Your Turn, Round 1-1: Chott
This time, we’re going to do things somewhat differently. I will describe a fictional planet that I created for a role-playing game scenario, which Rachel and a bunch of players on alternatehistory.com ran through on different occasions. Then you get to point out anything and everything that I got wrong.
Despite my repeated poking at the economics and sociology of other works, here we’ll just start with the description of the planet and let you all tell me the right way to do planet formation, geophysics, geology, and meterology. The people and cultures that have lived on it and the plot of the scenario can wait for another post.
Ready? Here we go.
Chott is a planet with a mass of about 0.5 Earth masses, formed out of material with a similar ratio of carbon to oxygen. A shortage of oxygen would have meant a mineralogy dominated by carbides or some other more exotic materials rather than oxides of silicon. While such mineralogies likely occur on some exoplanets, our knowledge of the geophysics and geochemistry for such places is very limited, so I’ve left Chott with near-solar C:O and changed some other things instead.
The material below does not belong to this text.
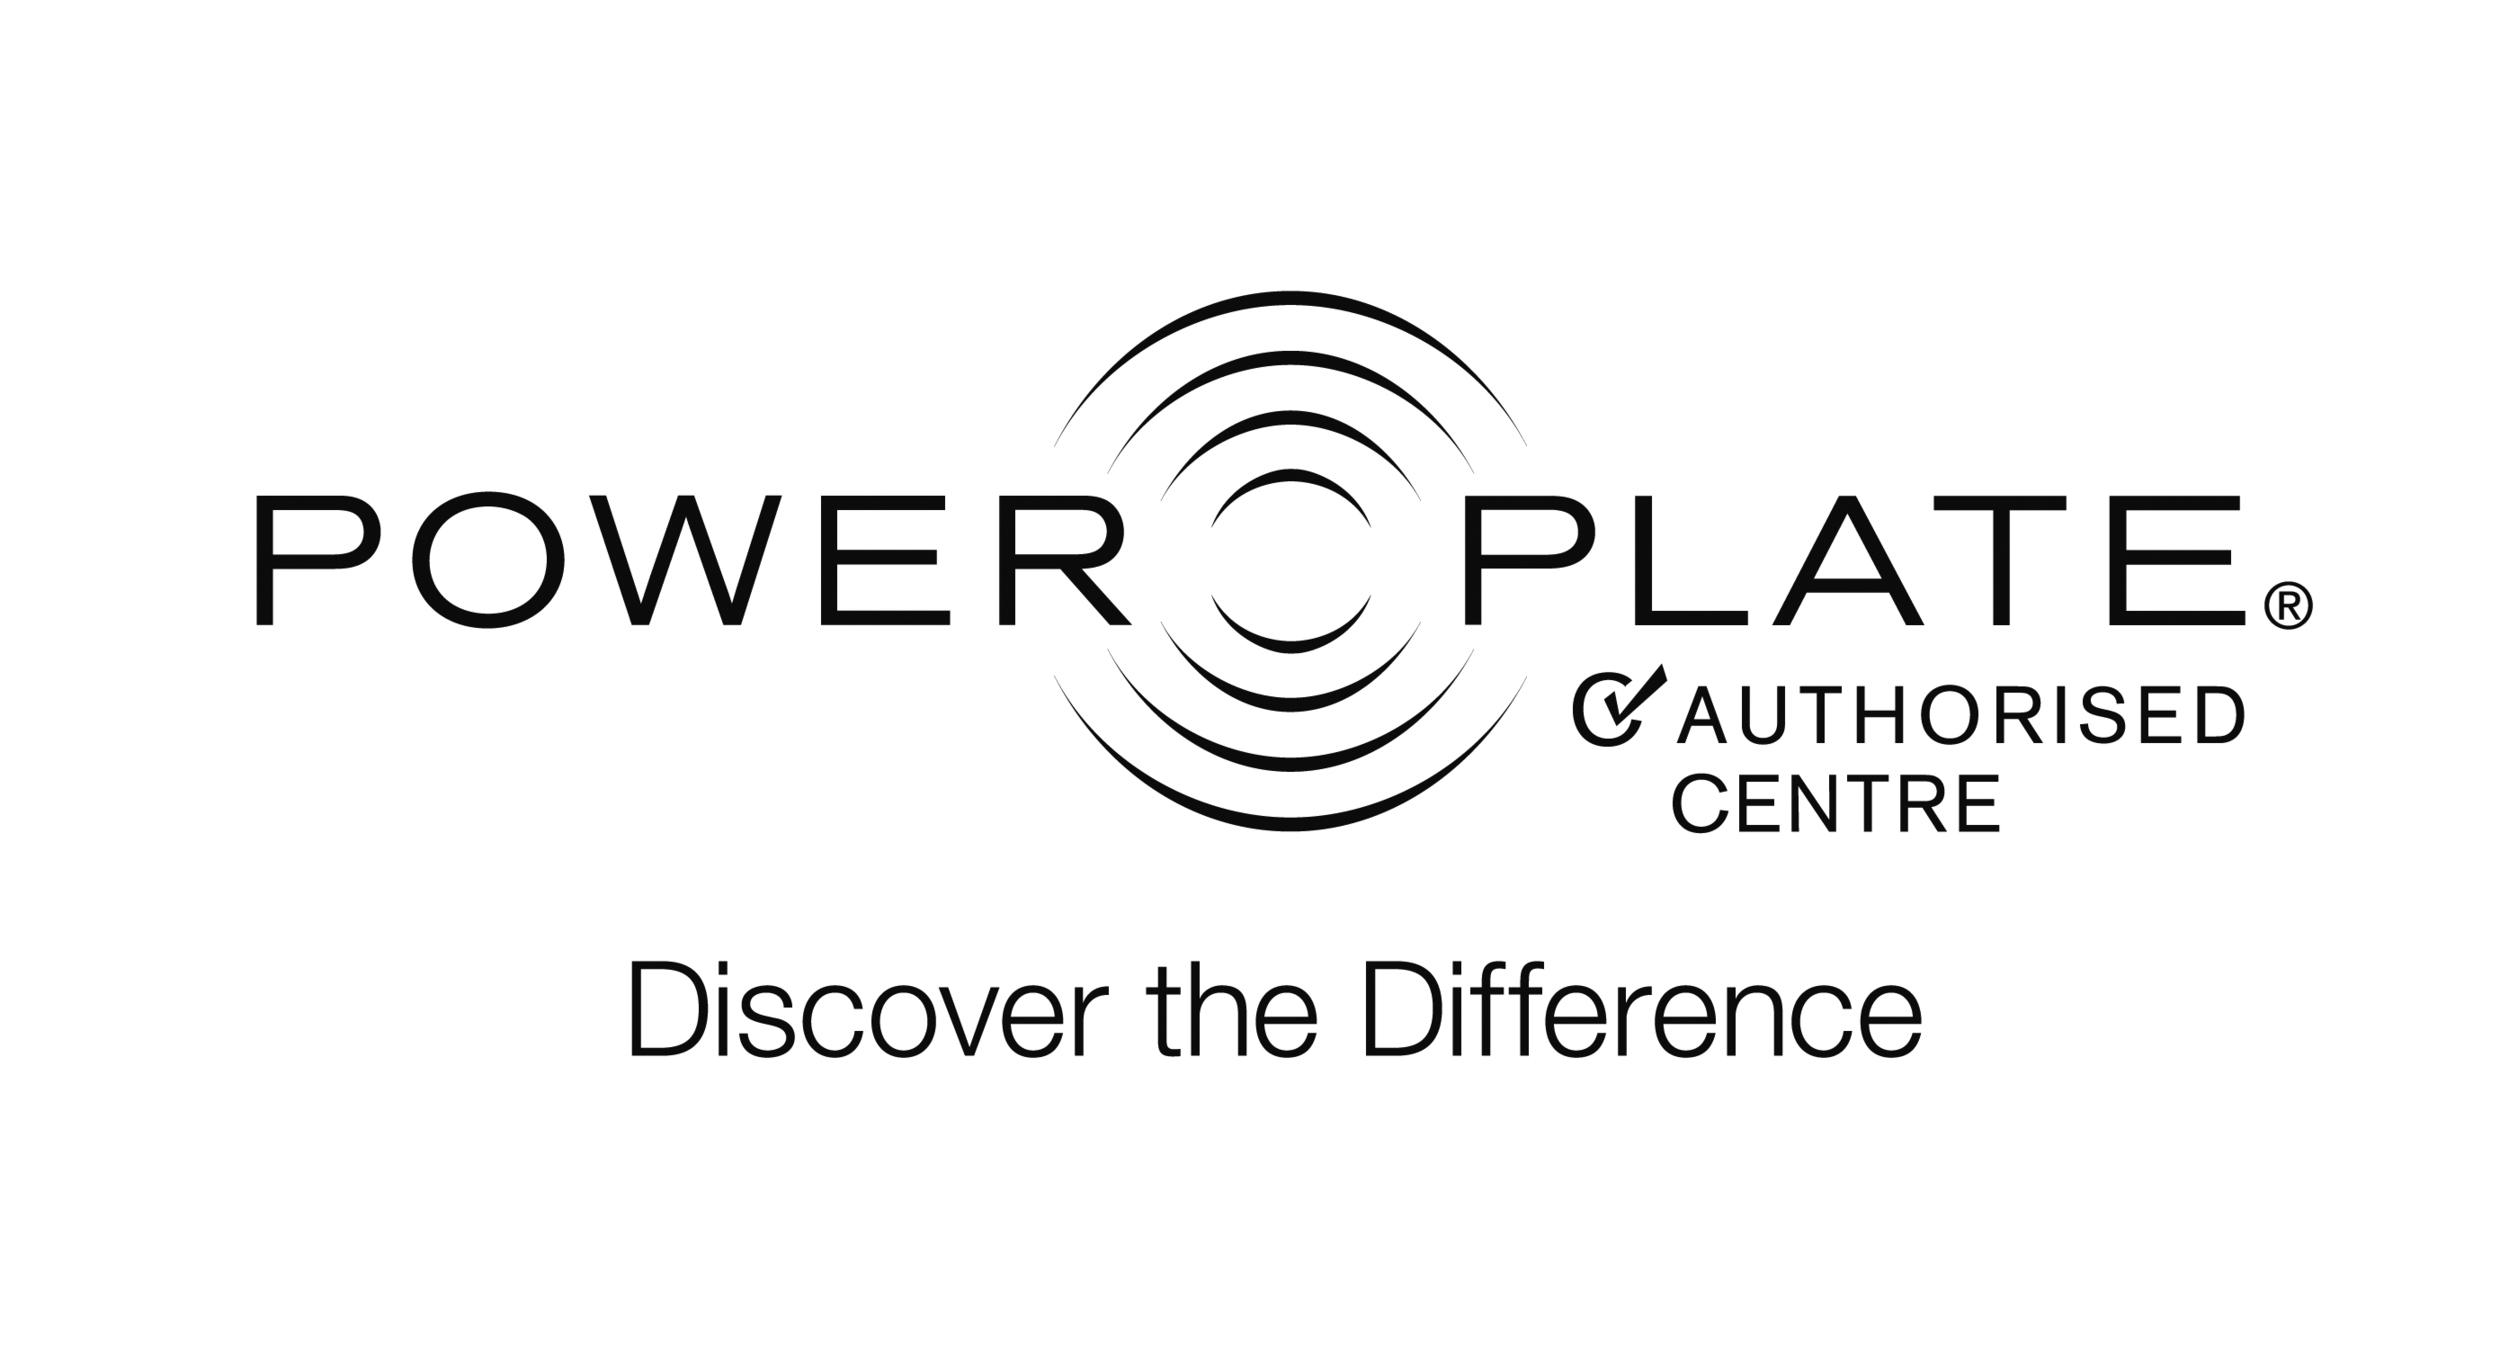 PowerPlate-authorised-Logo-K.jpg

Chott has somewhat less water and other volatiles per unit mass than Earth or Venus, although it has retained more than Mars. There is enough water in the crust to keep plate tectonics operating roughly as it does on Earth, with differences in arc volcanism because there isn’t quite as much water-rich subducted ocean sediment. Mid-ocean ridges do exist, but the rate of spreading is less because there is less geothermal heat to drive the convection. The lower ocean depth exposes the ridges above the surface of the water, adding to already larger areas of land with relatively little vertical relief. The rate of orogeny is slower than on Earth, so the balance between erosion and mountain-building is reached at much lower heights.
In part because of the insolation from its host star and in part because of the weaker greenhouse effect from a thinner atmosphere, Chott is colder than Earth. The polar regions have permanent ice caps, and relatively little water evaporates from the oceans to be rained out on the land. While there is some groundwater, most streams and lake beds are transient, with the lakes getting water during only part of the year and being salt pans the rest of the time. This is where I got the name for the place, although I admit to using the word “chott” incorrectly – the rainfall is seasonal, but not necessarily concentrated in the winter.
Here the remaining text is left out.